TASK OBJECTIVE:
Output all of the data exactly as it appears, but leave out any pictures it contains.

RECORDED DATA:
======
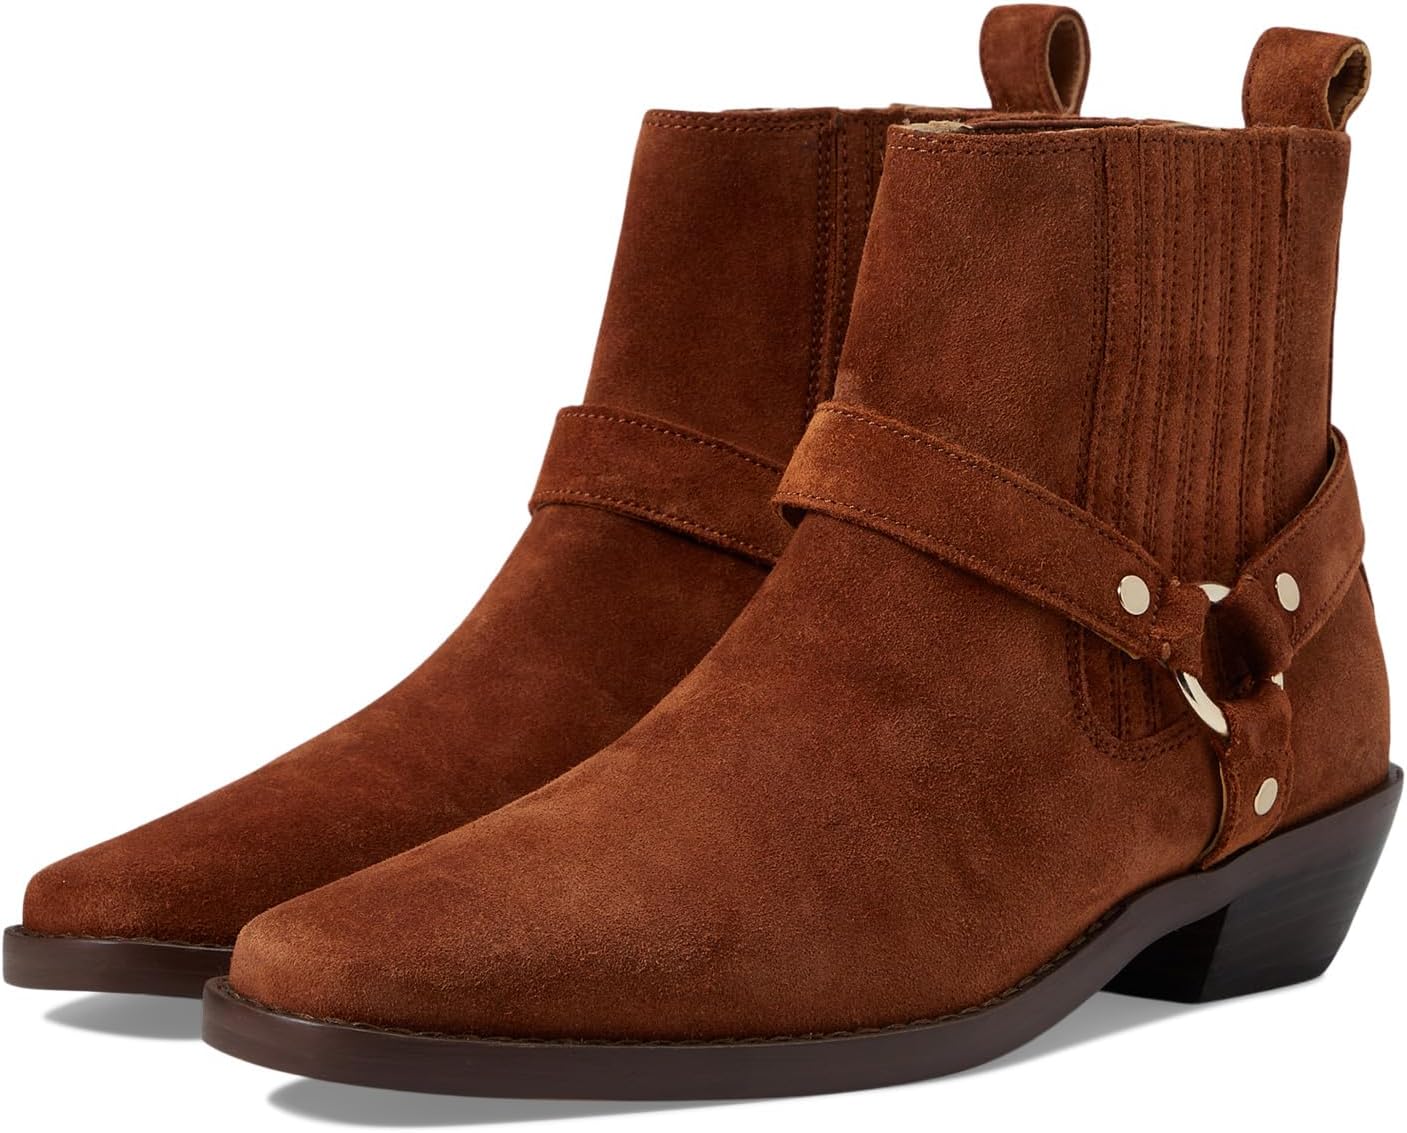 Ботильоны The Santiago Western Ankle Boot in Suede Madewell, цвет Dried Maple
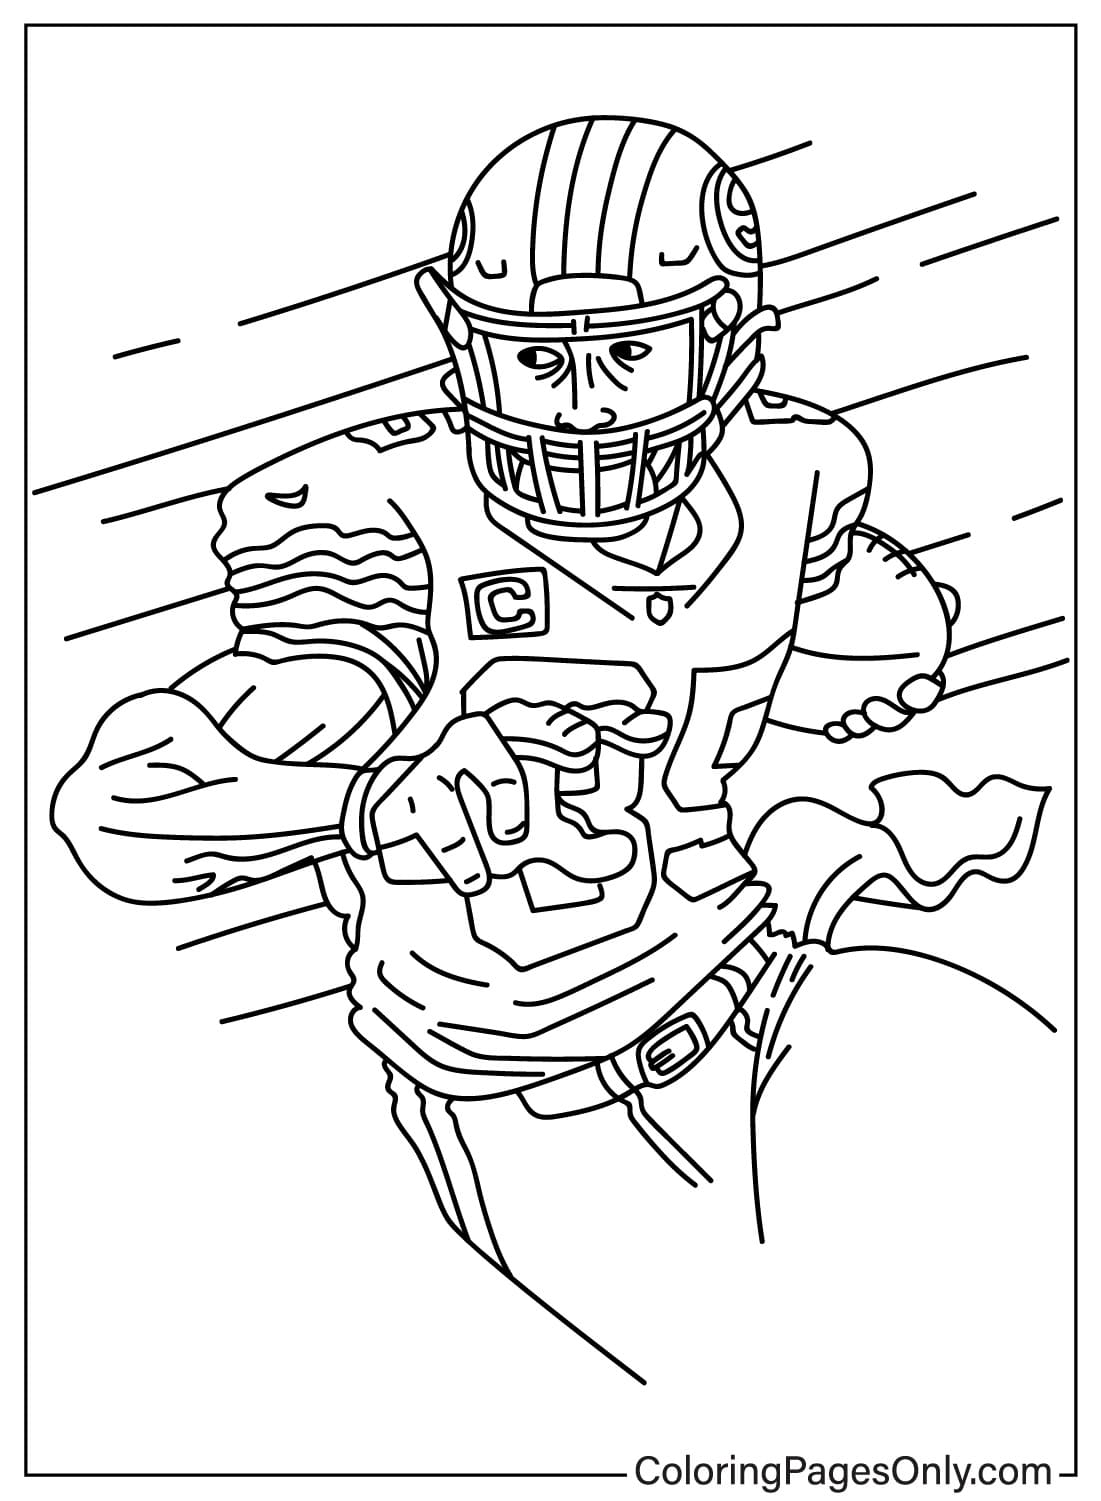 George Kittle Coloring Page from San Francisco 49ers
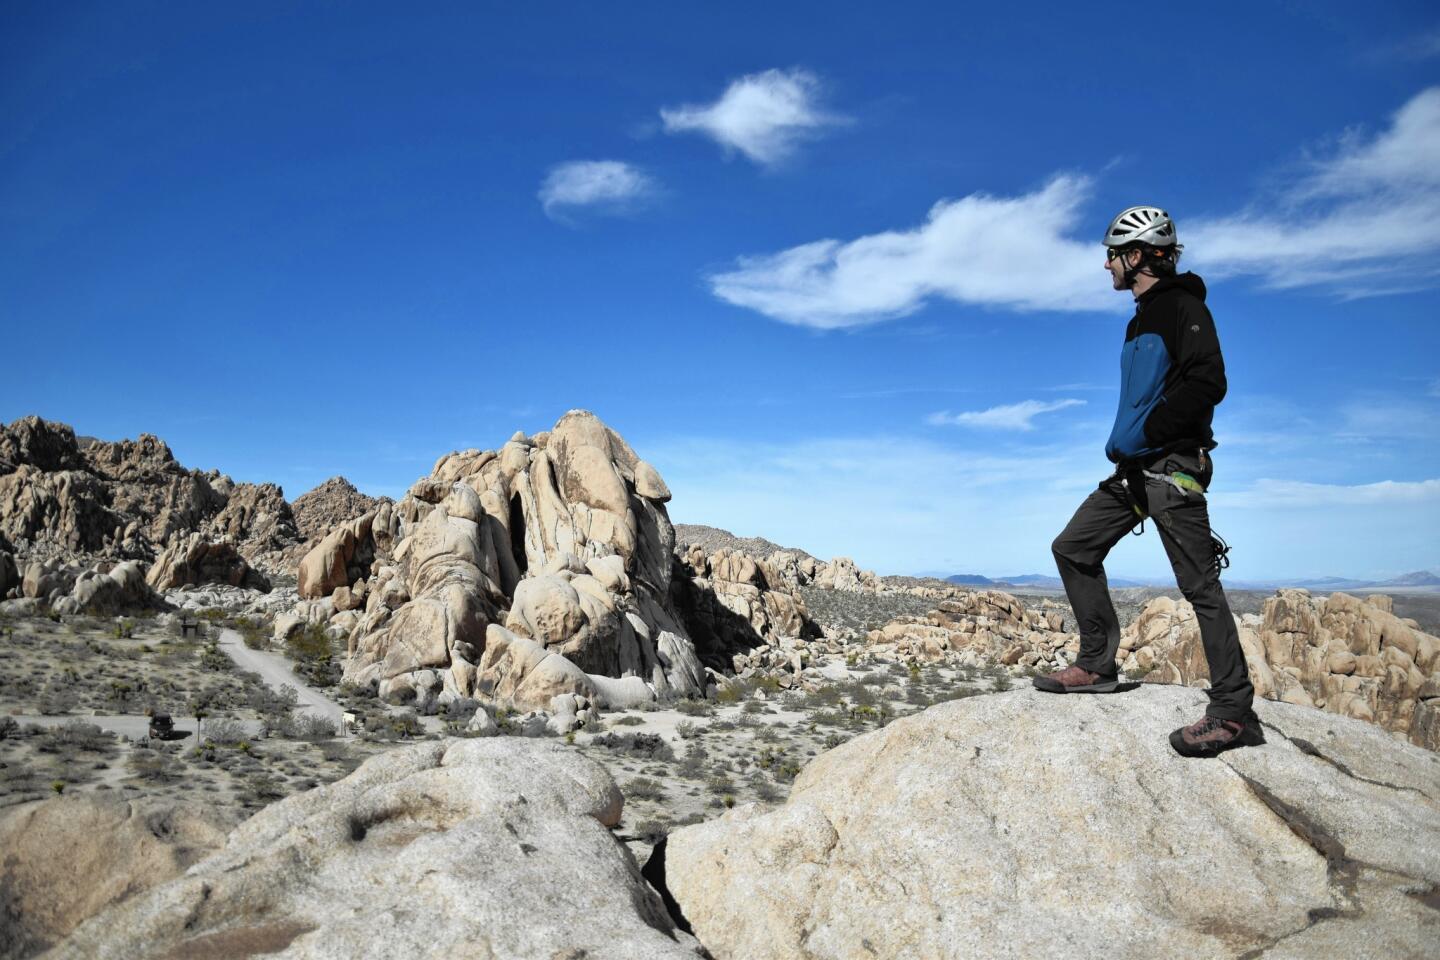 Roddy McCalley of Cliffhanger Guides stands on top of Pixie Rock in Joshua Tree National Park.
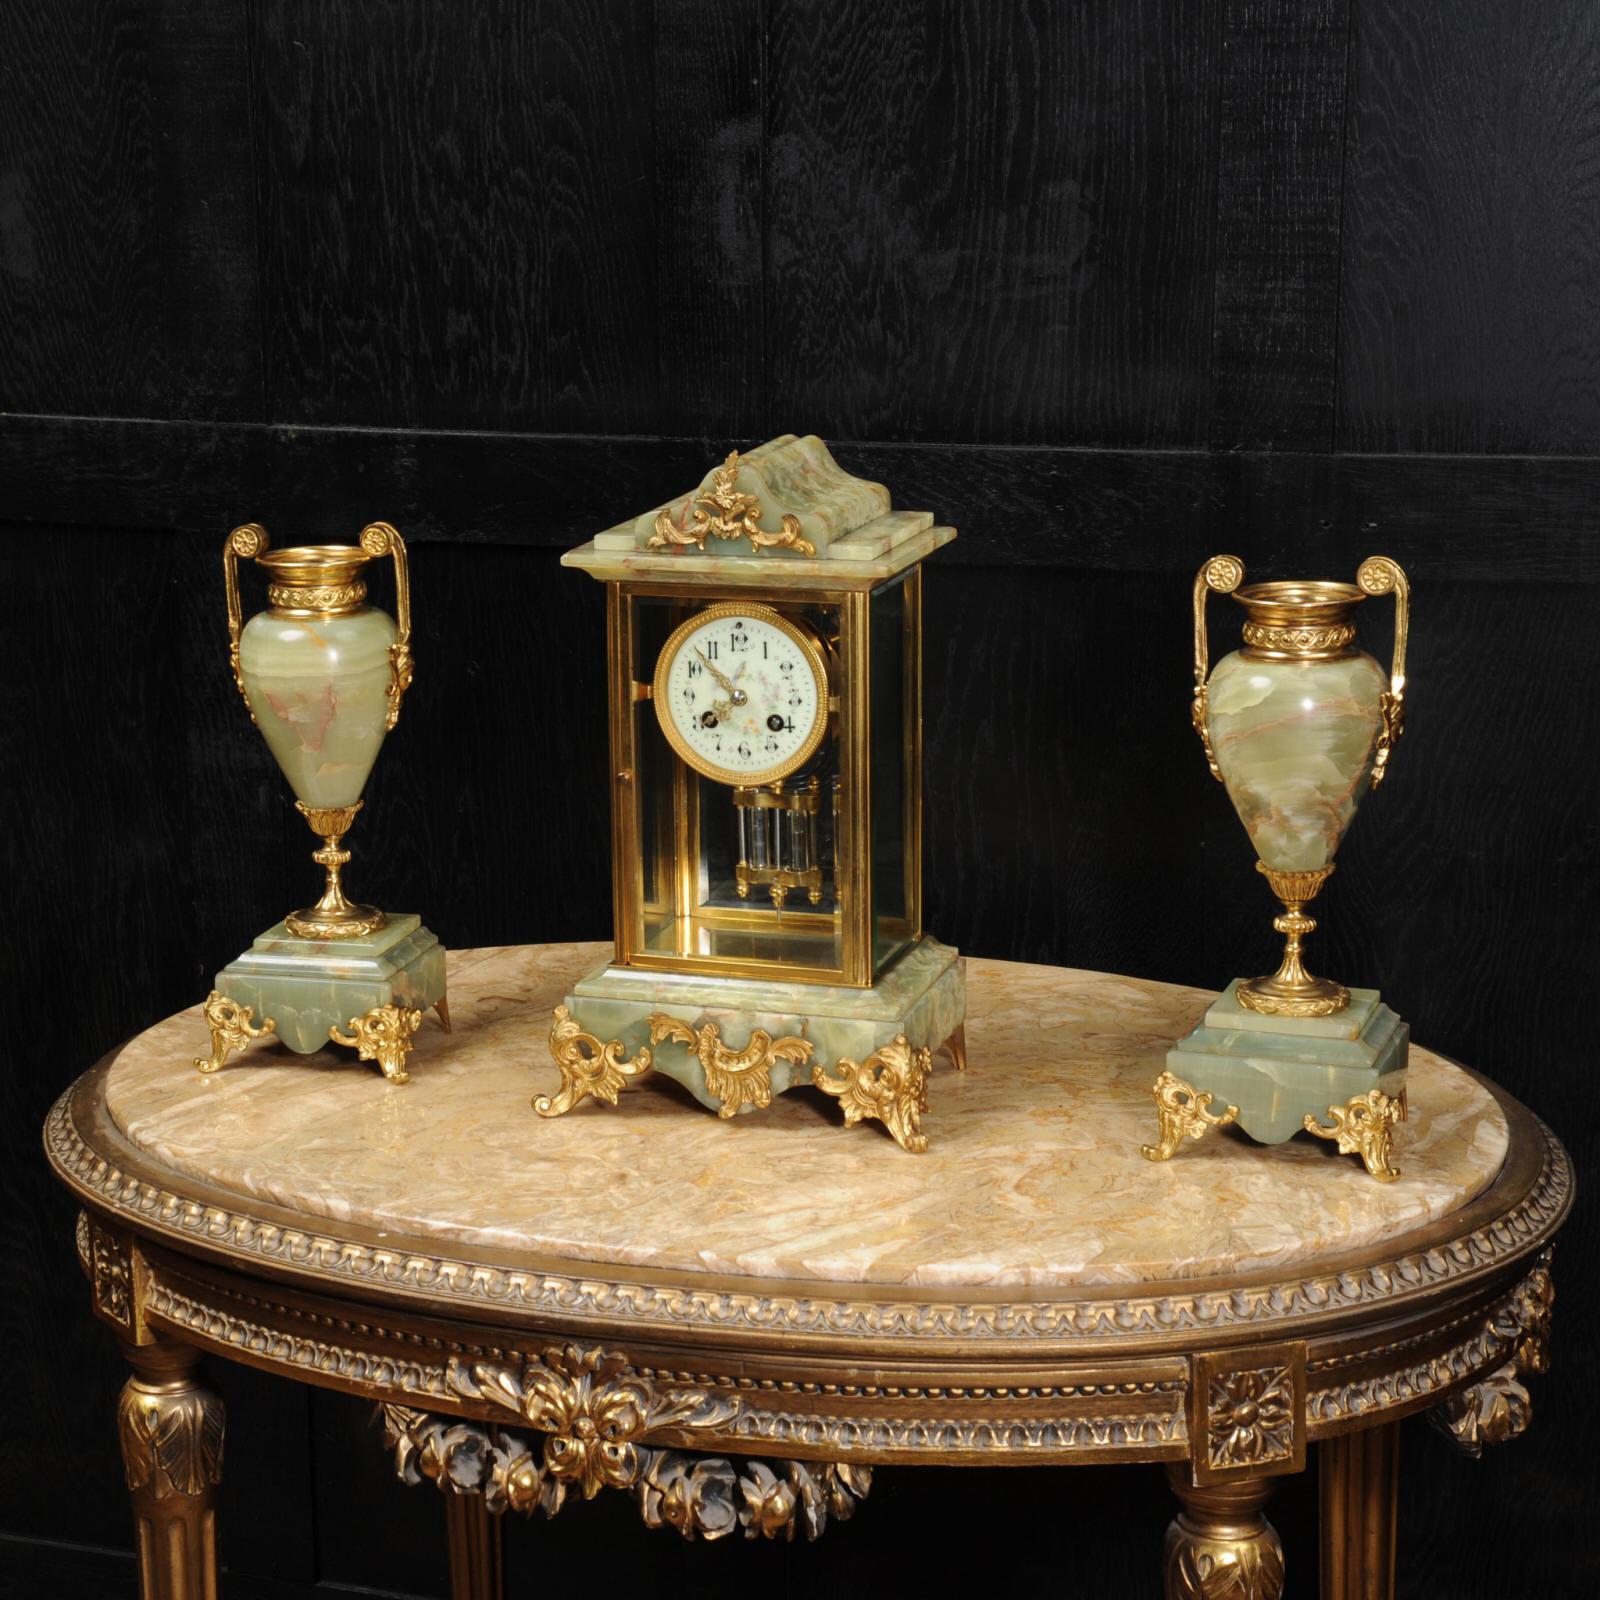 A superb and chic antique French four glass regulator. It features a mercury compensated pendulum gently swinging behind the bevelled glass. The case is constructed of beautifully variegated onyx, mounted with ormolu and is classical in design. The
======
WRITTEN SOLUTION:
 Ботильоны The Santiago Western Ankle Boot in Suede Madewell, цвет Dried Maple
 George Kittle Coloring Page from San Francisco 49ers
 Roddy McCalley of Cliffhanger Guides stands on top of Pixie Rock in Joshua Tree National Park.
 A superb and chic antique French four glass regulator. It features a mercury compensated pendulum gently swinging behind the bevelled glass. The case is constructed of beautifully variegated onyx, mounted with ormolu and is classical in design. The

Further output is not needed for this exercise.